Has anyone cooked a pig or any other meat in a BBQ pit covered with dirt or vegetation?

I'd like to try a 25# pig for starters. I'd like to know what you may have used to spice up the meat. I think I've got the pit construction down pretty good.
Thanks
Bob


----------



## CrashinKona (Mar 5, 2007)

Thats how i cook my moose roast for Christmas dinner.. takes about 7 hours, i slide some bratwurst in with the roast so its juicy.. i also like to add honey to it.. but its gotta be fresh honey. keep in mind we all have different pits for cooking.. and its kinda cold up here at christmas time..  My family started this tradition in texas back in the 70's. so i had to continue it.. My wife from up here looks at me like i'm nuts when i have to use the tractor to clear off my pit at christmas time.. :lol:


----------



## 280IM (Mar 28, 2005)

Would you 2 and anyone else go into detatil on how you pit roast meet. 
Thank You Dewey


----------



## CrashinKona (Mar 5, 2007)

I just dug a hole about 32 inches deep lined it with fireplace brinks (those are needed in the winter to keep the heat in the pit up here). made a stainless lid for it out of 1/4 inch plate (again to keep the heat in and make it faster to get the food out). i still cover the lid with dirt so its like a big oven.. I have the lid counter sunk so when i cover it all up with dirt its level in the back yard.. It is a lot simplier then what you think it needs to be. all your really doing is cooking in a oven made of earth. its the taste i love. seems to be a deeper taste to me and my family really enjoys it also.. :beer:

the biggest thing is you will have to try different woods. as they make your meals taste very different.. I do like cedar for wood but a bit spendy to get. spruce is kinda nasty tasting, I do like birtch with mesquiet wood or just mesquiet.
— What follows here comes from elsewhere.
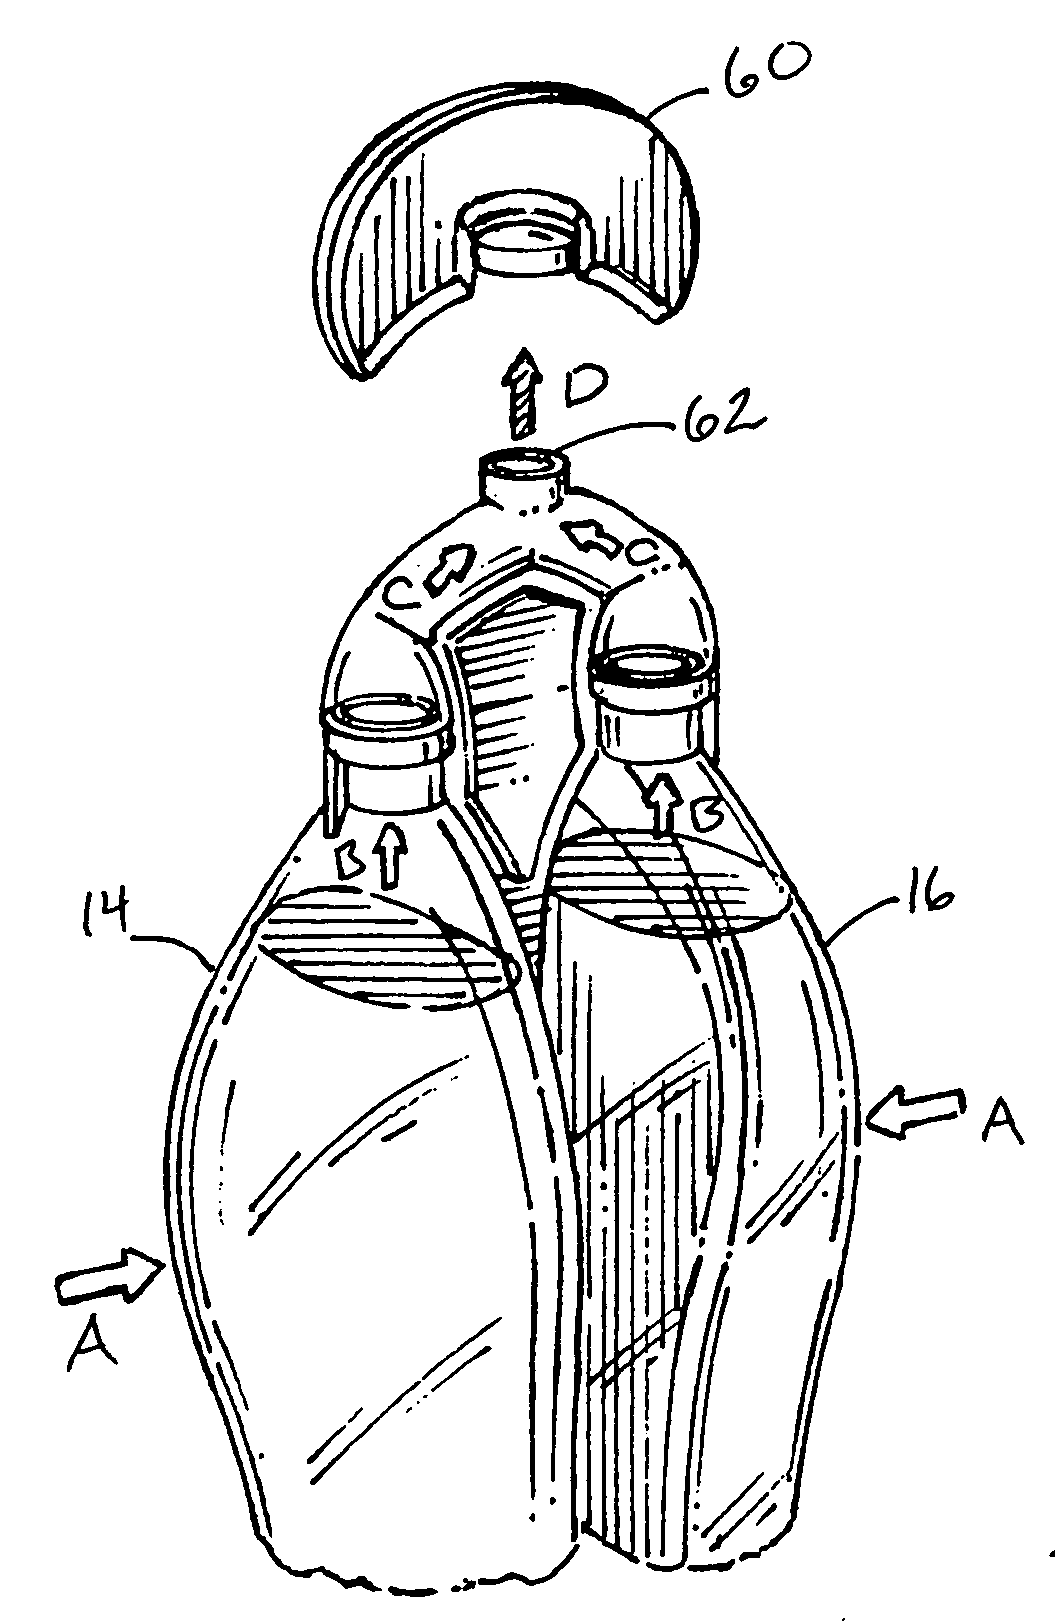 Multi-chambered drink bottle
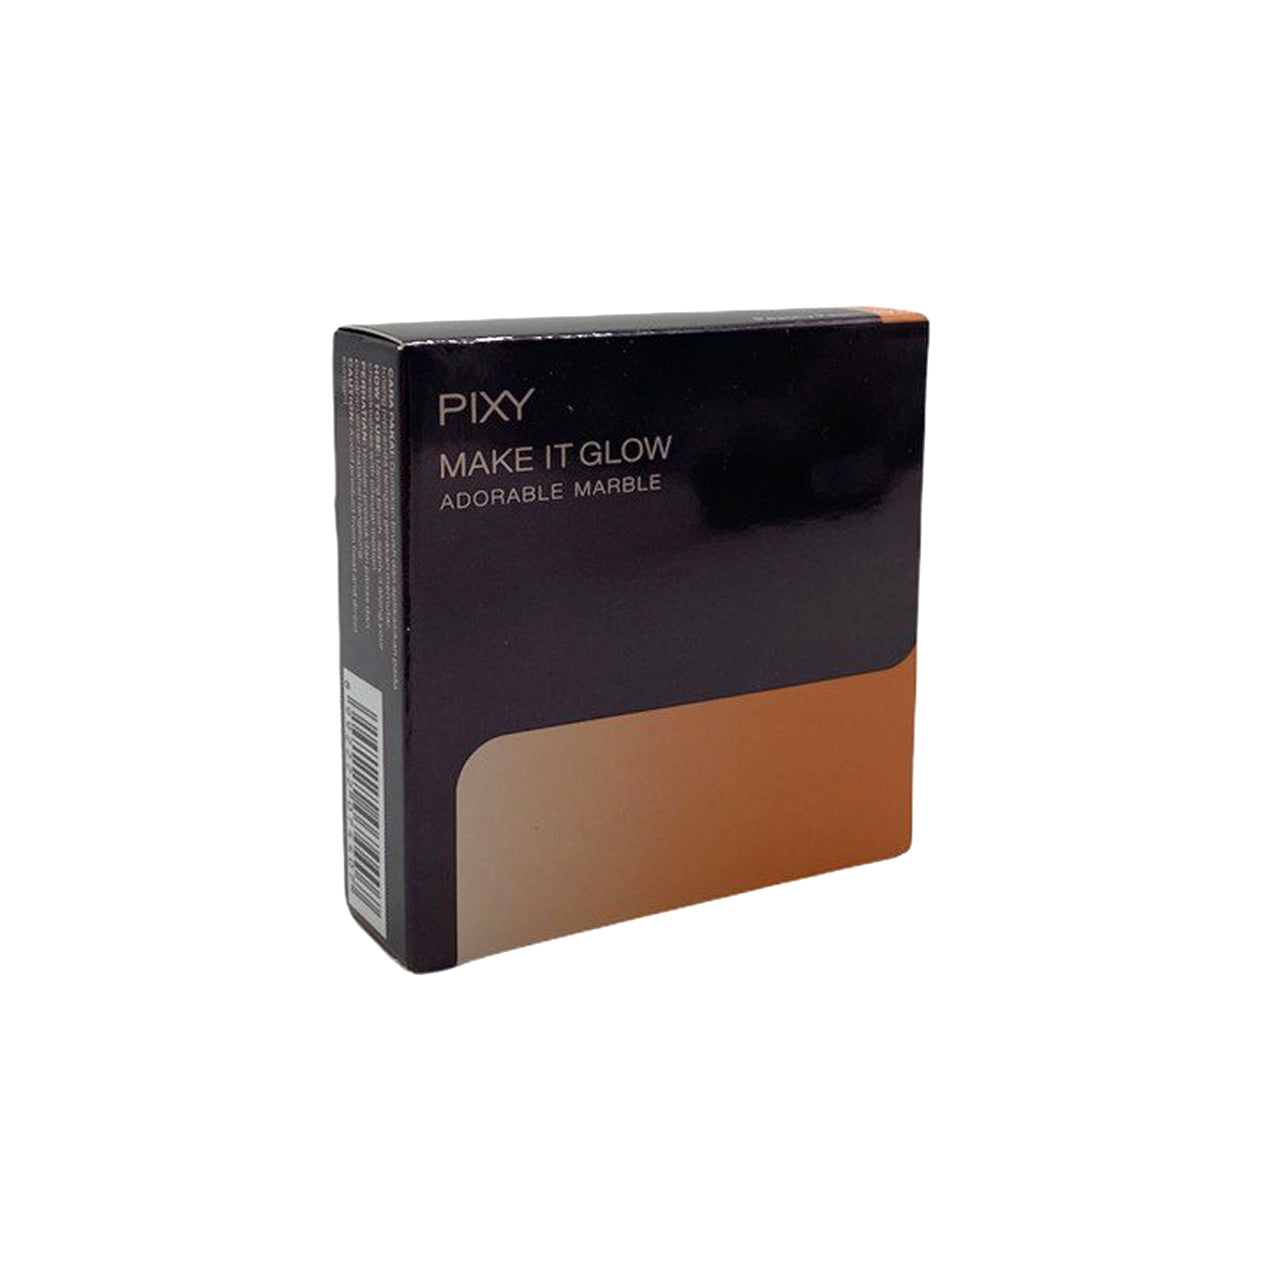 Pixy, Make it Glow, Adorable Marble, 01 Brick Terracotta, 7.5 g

Let your good sized pile of wood burn down to coals and get the food on. i use three wraps of tinfoil to keep the meat from burning and from drying out. some people put the meat right on the fire, i prefer to use tin foil then i can add my veggies. :beer:

The new neibours looked at me strange when i went out and dug up a big tinfoil wrapped roast and placed it on the dinner table after removing the tin foil.


----------